> DATA BLOCK
▽

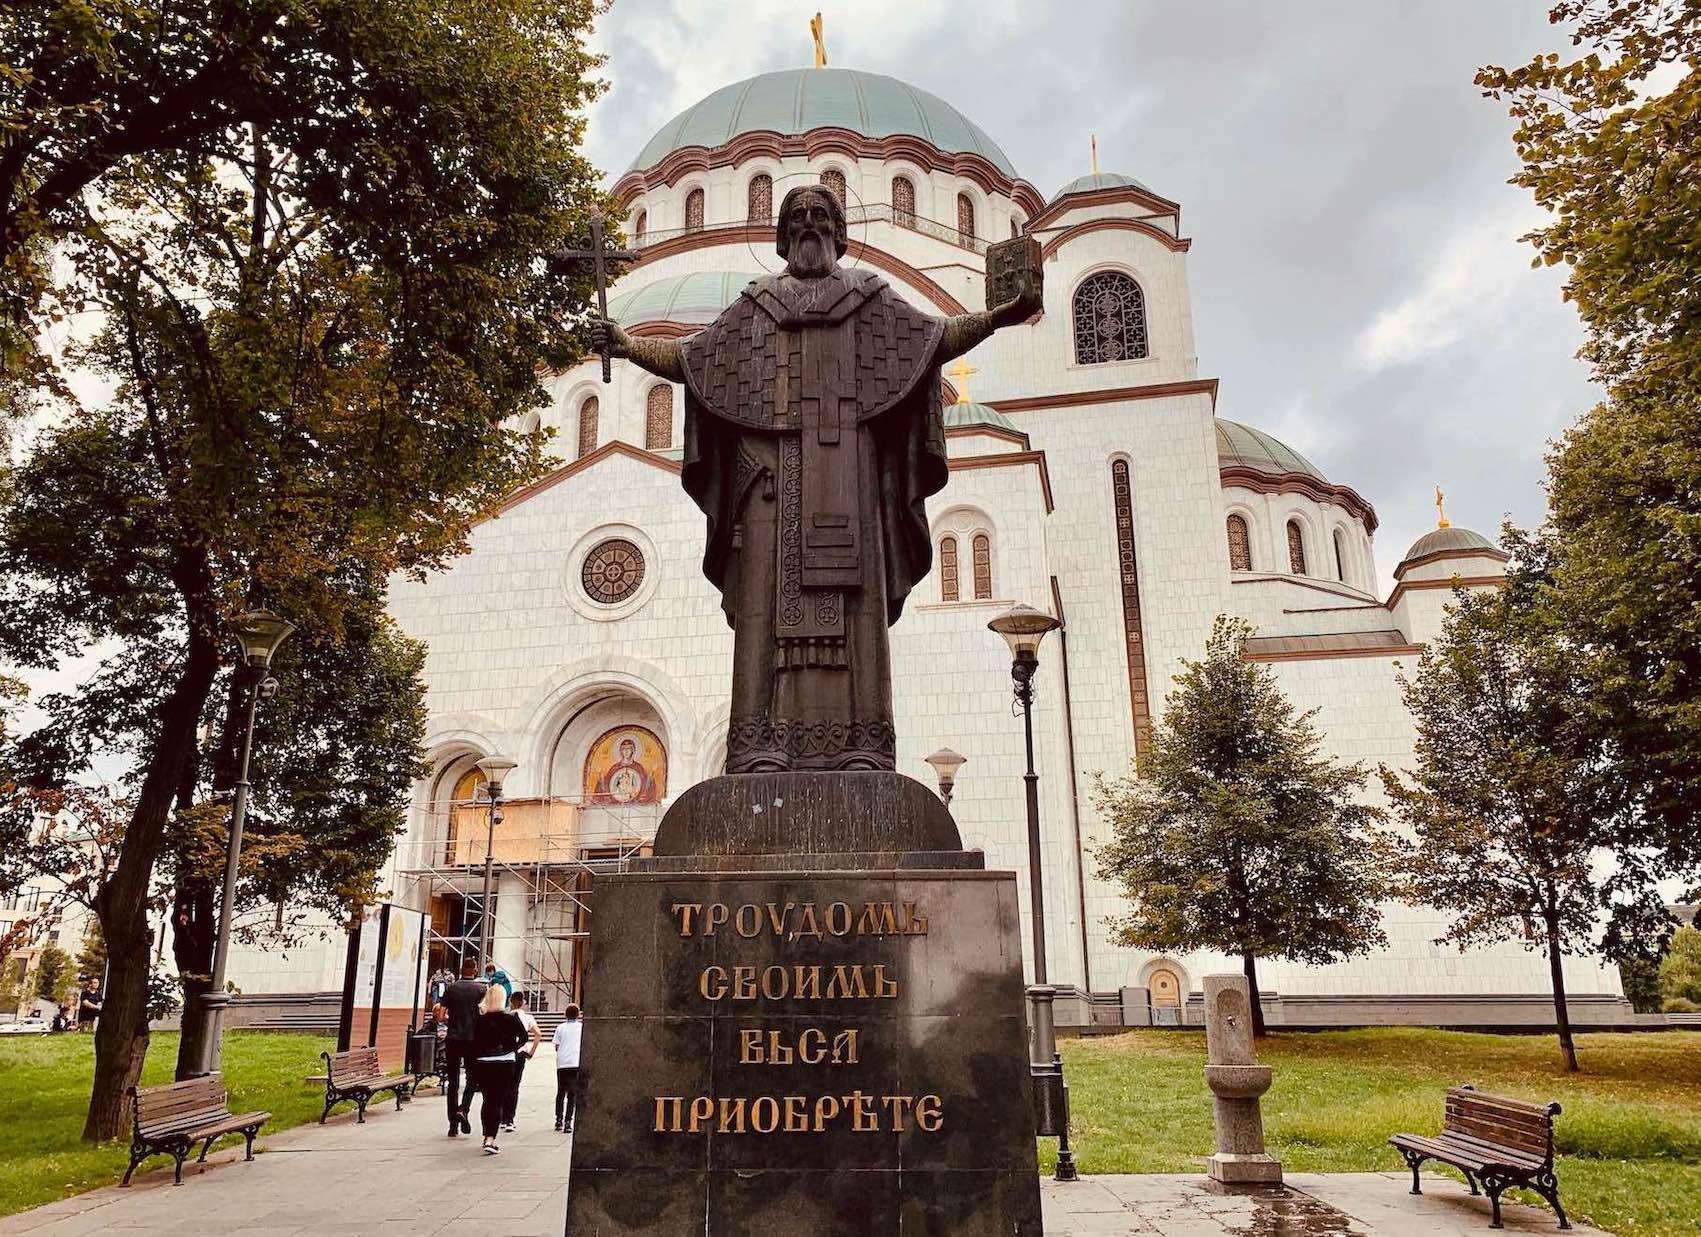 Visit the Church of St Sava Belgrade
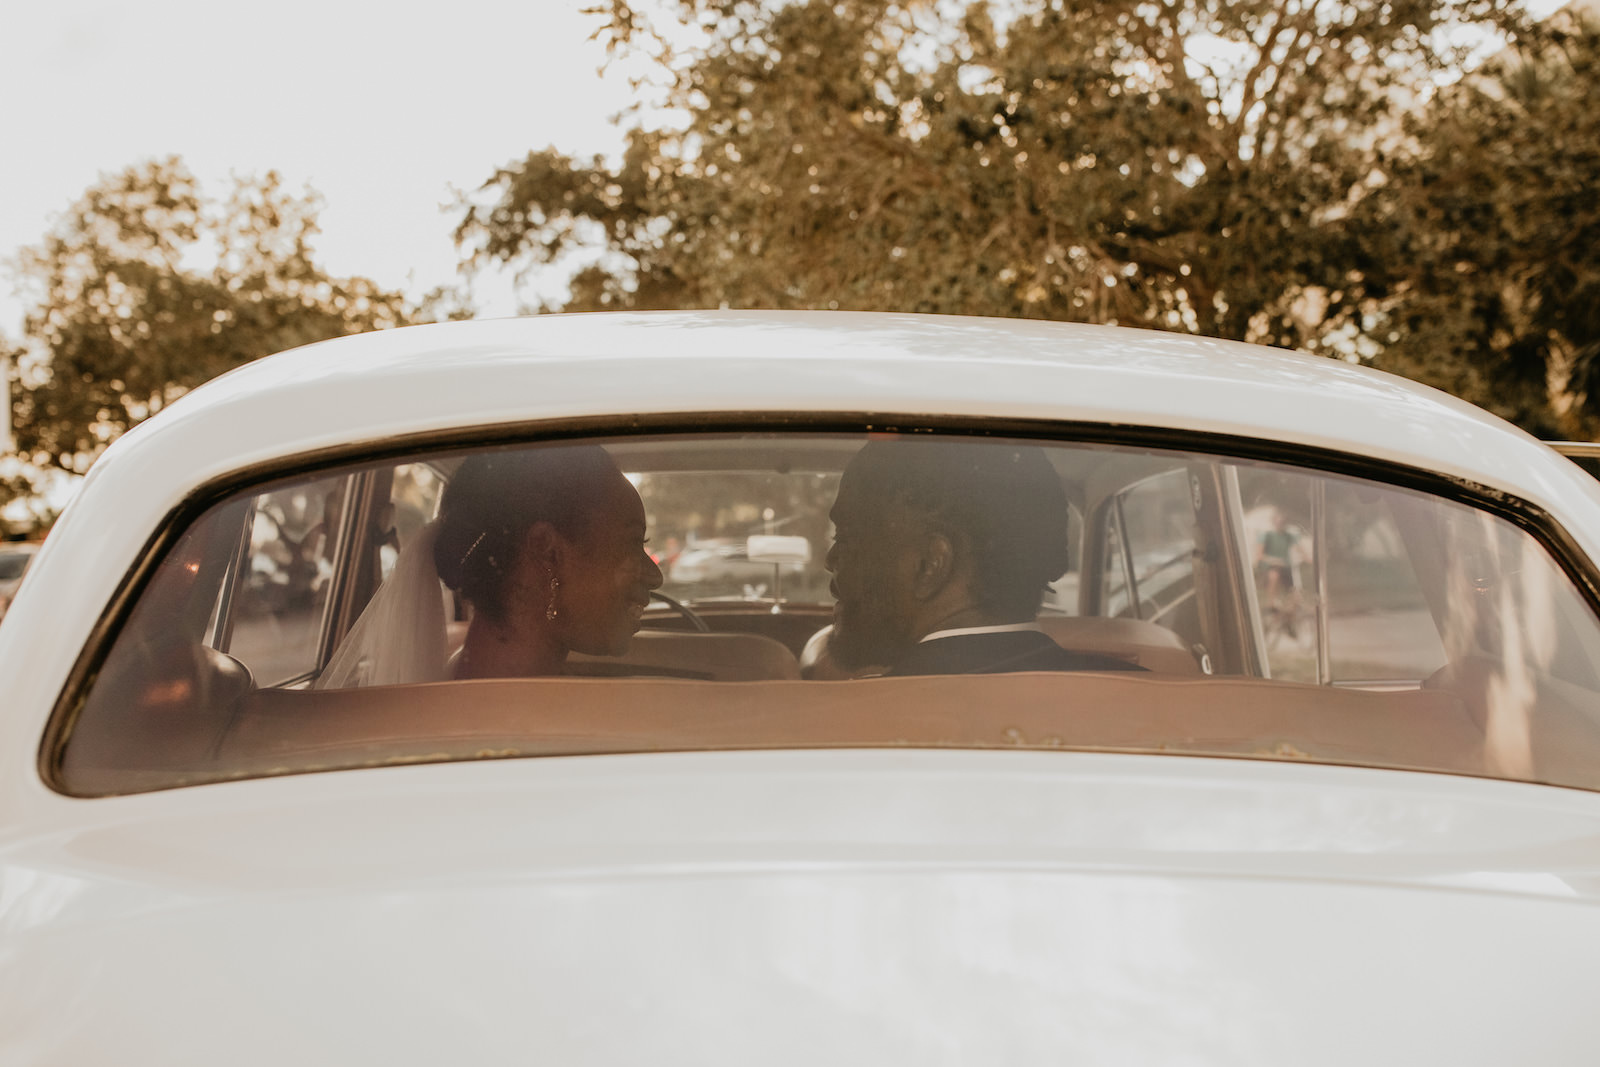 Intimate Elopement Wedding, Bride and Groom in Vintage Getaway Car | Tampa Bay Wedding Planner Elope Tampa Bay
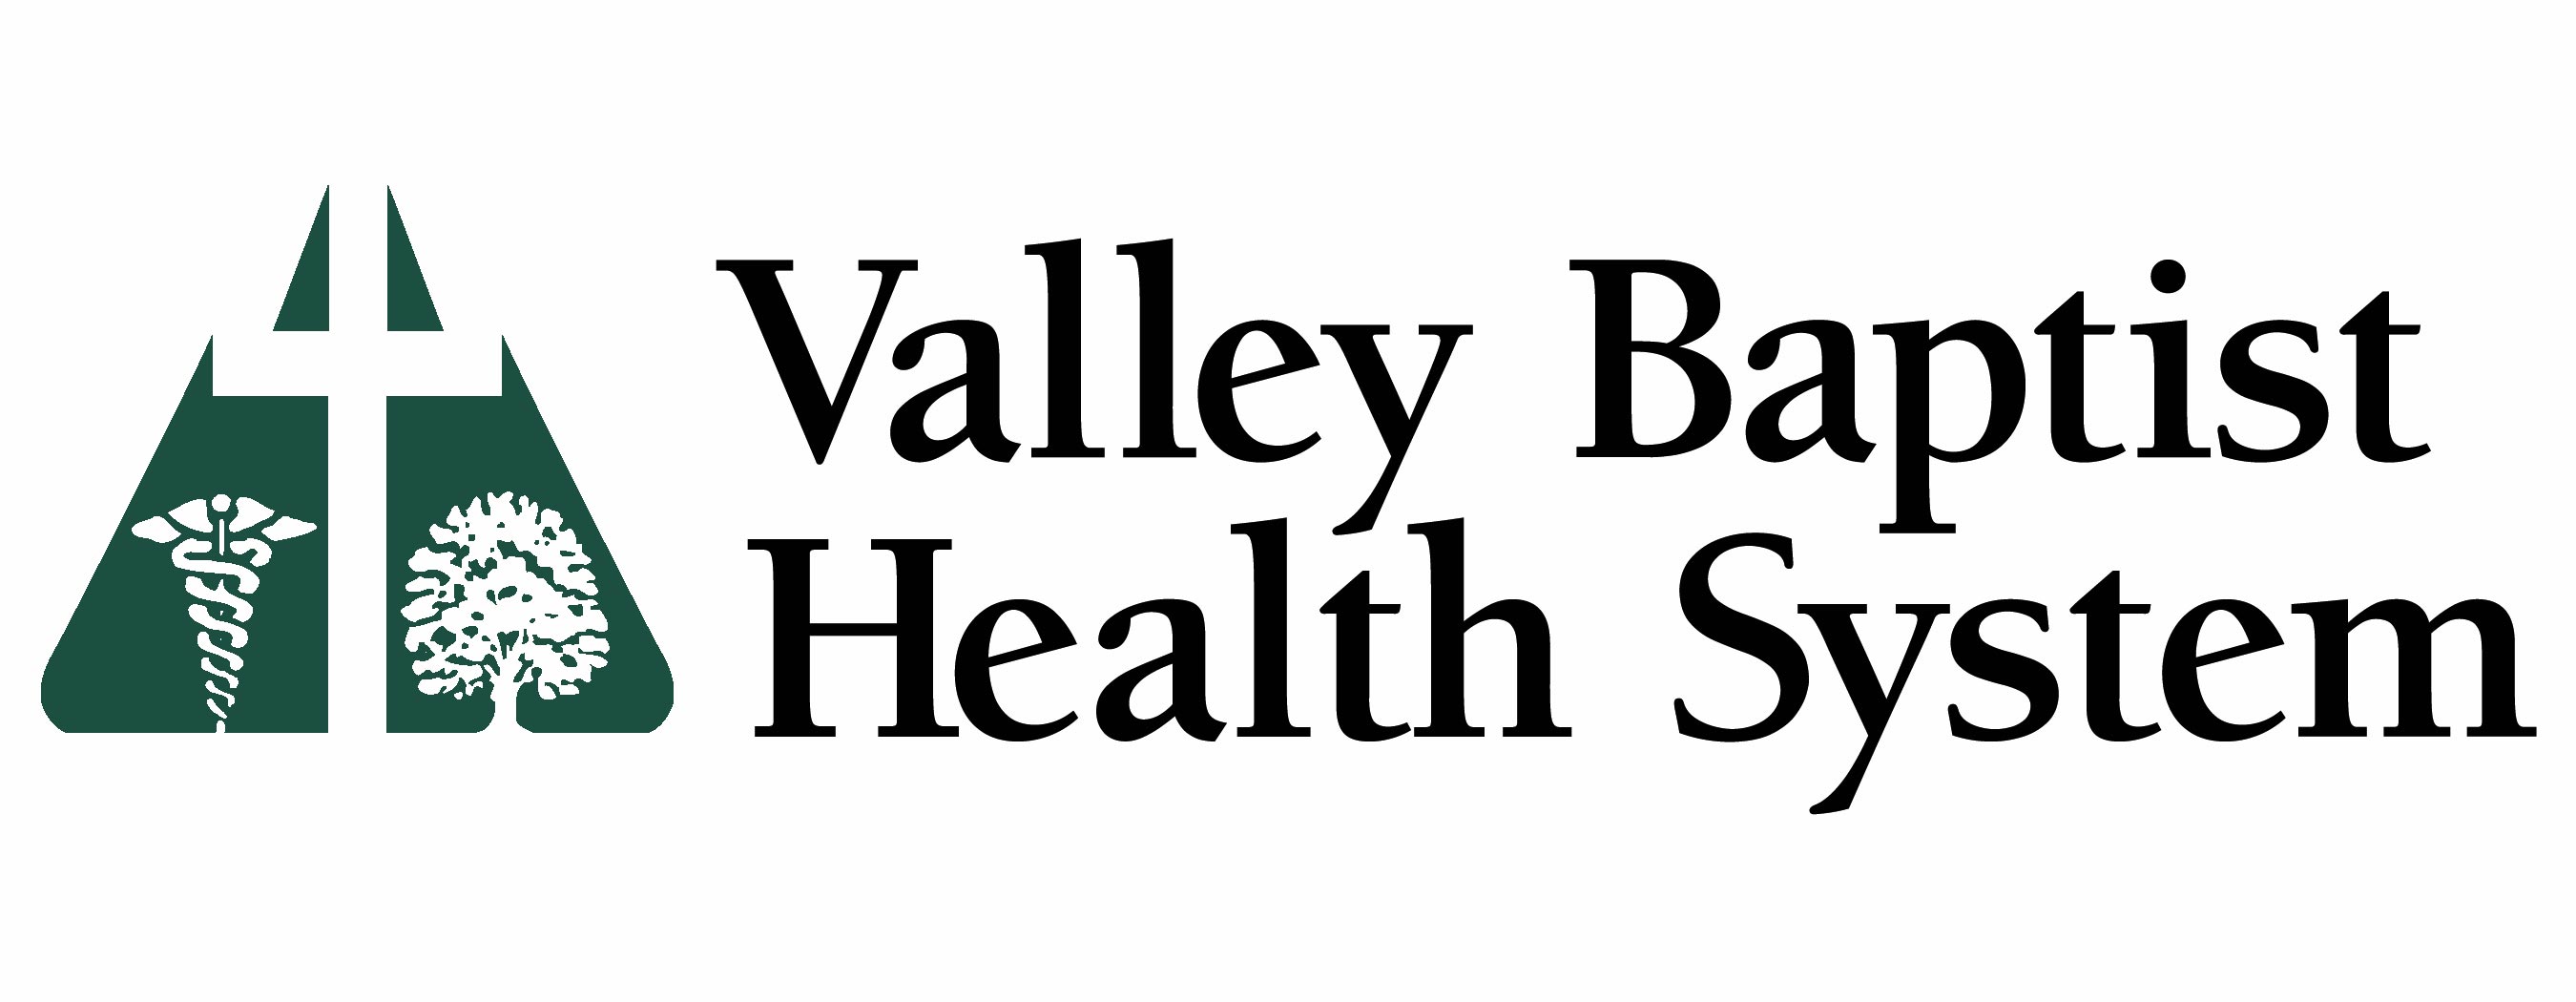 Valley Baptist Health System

△

> EXERCISE INSTRUCTIONS
Copy, exactly and exclusively, the lines beginning with the one that contains "Intimate Elopement Wedding, Bride" and ending with the last line of the listing; pictures are to be omitted.

> EXERCISE RESPONSE
 Intimate Elopement Wedding, Bride and Groom in Vintage Getaway Car | Tampa Bay Wedding Planner Elope Tampa Bay
 Valley Baptist Health System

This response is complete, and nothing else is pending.